Required work:
Give the number of lines in these entries that contain the string "Schloss", with no further comment.

Data shown:

- Opening Delimiter -

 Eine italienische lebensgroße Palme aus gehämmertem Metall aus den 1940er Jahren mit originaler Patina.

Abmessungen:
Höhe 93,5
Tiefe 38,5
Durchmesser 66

- Closing Delimiter -
- Opening Delimiter -

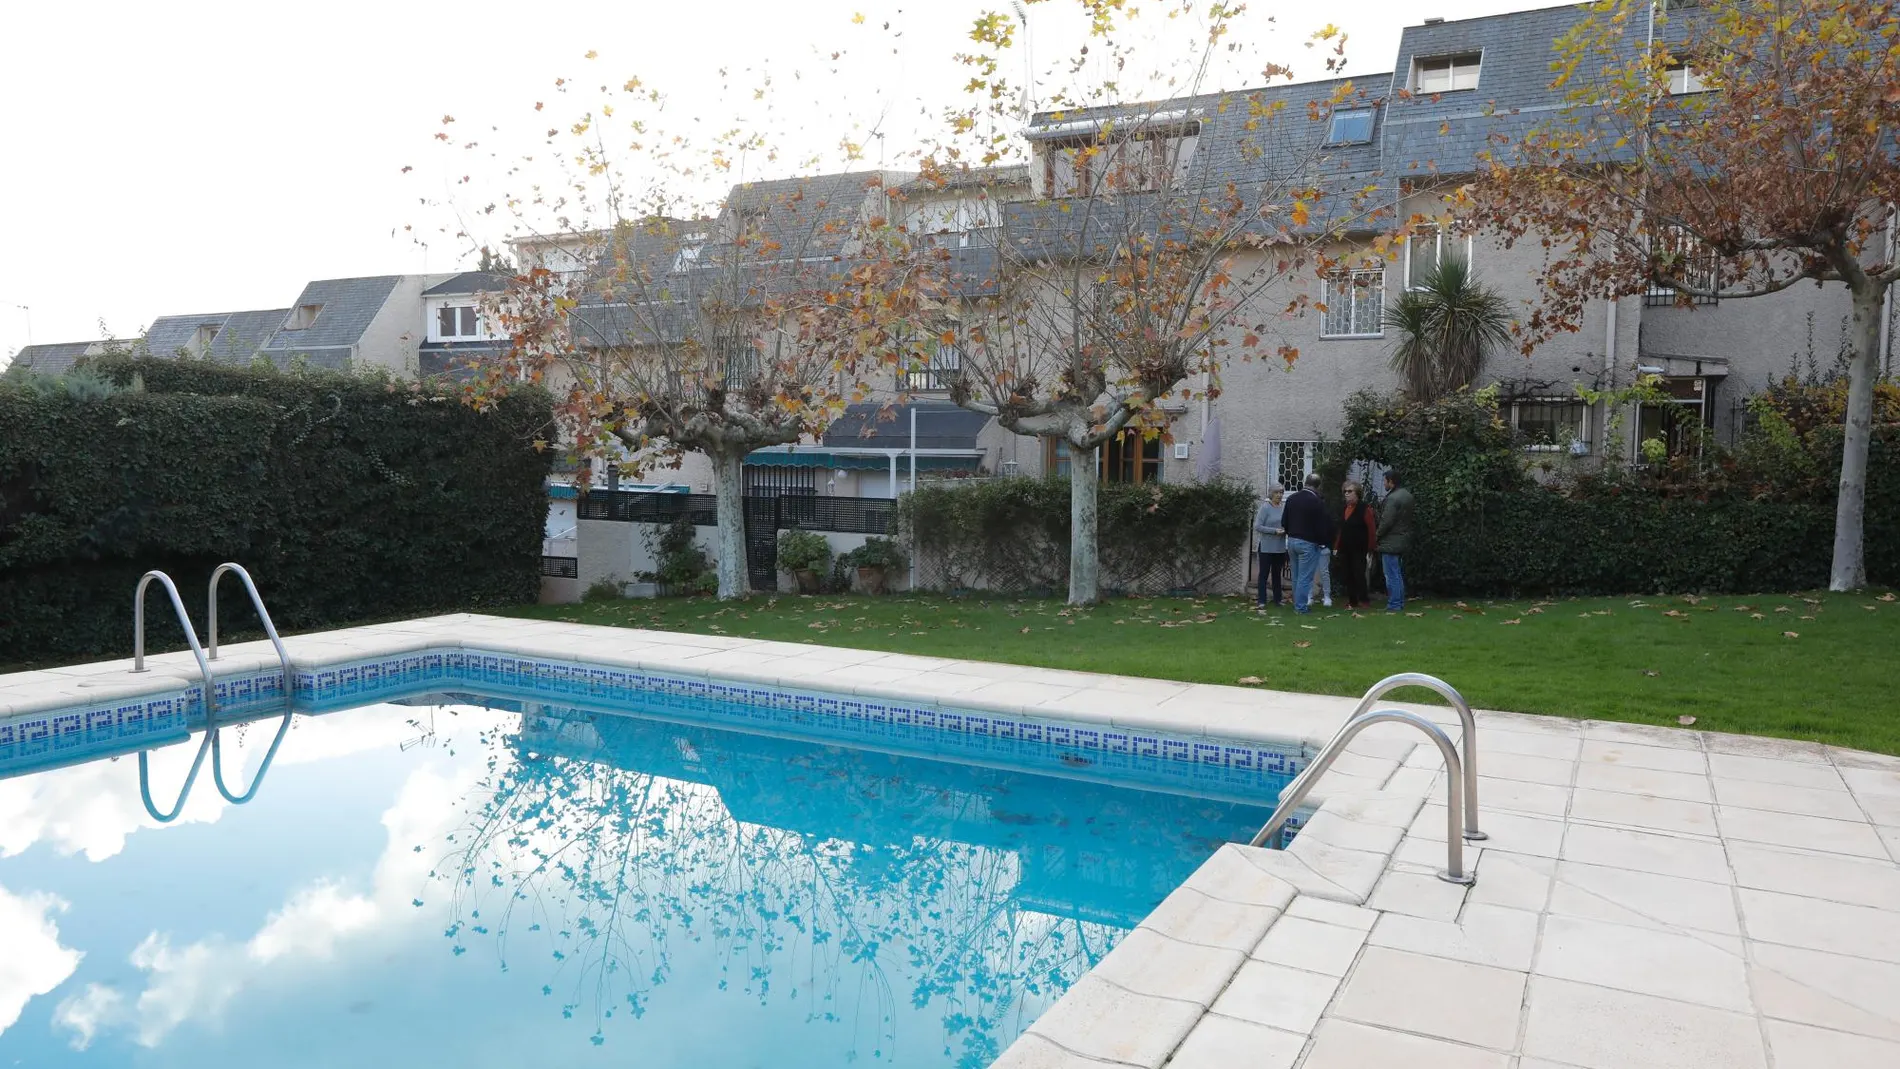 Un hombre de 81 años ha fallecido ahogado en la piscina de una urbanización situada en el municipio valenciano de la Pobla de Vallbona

- Closing Delimiter -
- Opening Delimiter -

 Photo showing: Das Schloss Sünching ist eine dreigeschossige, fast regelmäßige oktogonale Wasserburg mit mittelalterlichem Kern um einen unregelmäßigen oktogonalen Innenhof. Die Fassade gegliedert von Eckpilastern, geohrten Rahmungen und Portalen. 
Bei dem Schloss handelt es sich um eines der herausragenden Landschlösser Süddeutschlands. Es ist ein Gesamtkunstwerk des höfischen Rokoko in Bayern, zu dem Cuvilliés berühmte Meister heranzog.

- Closing Delimiter -

Your solution:
2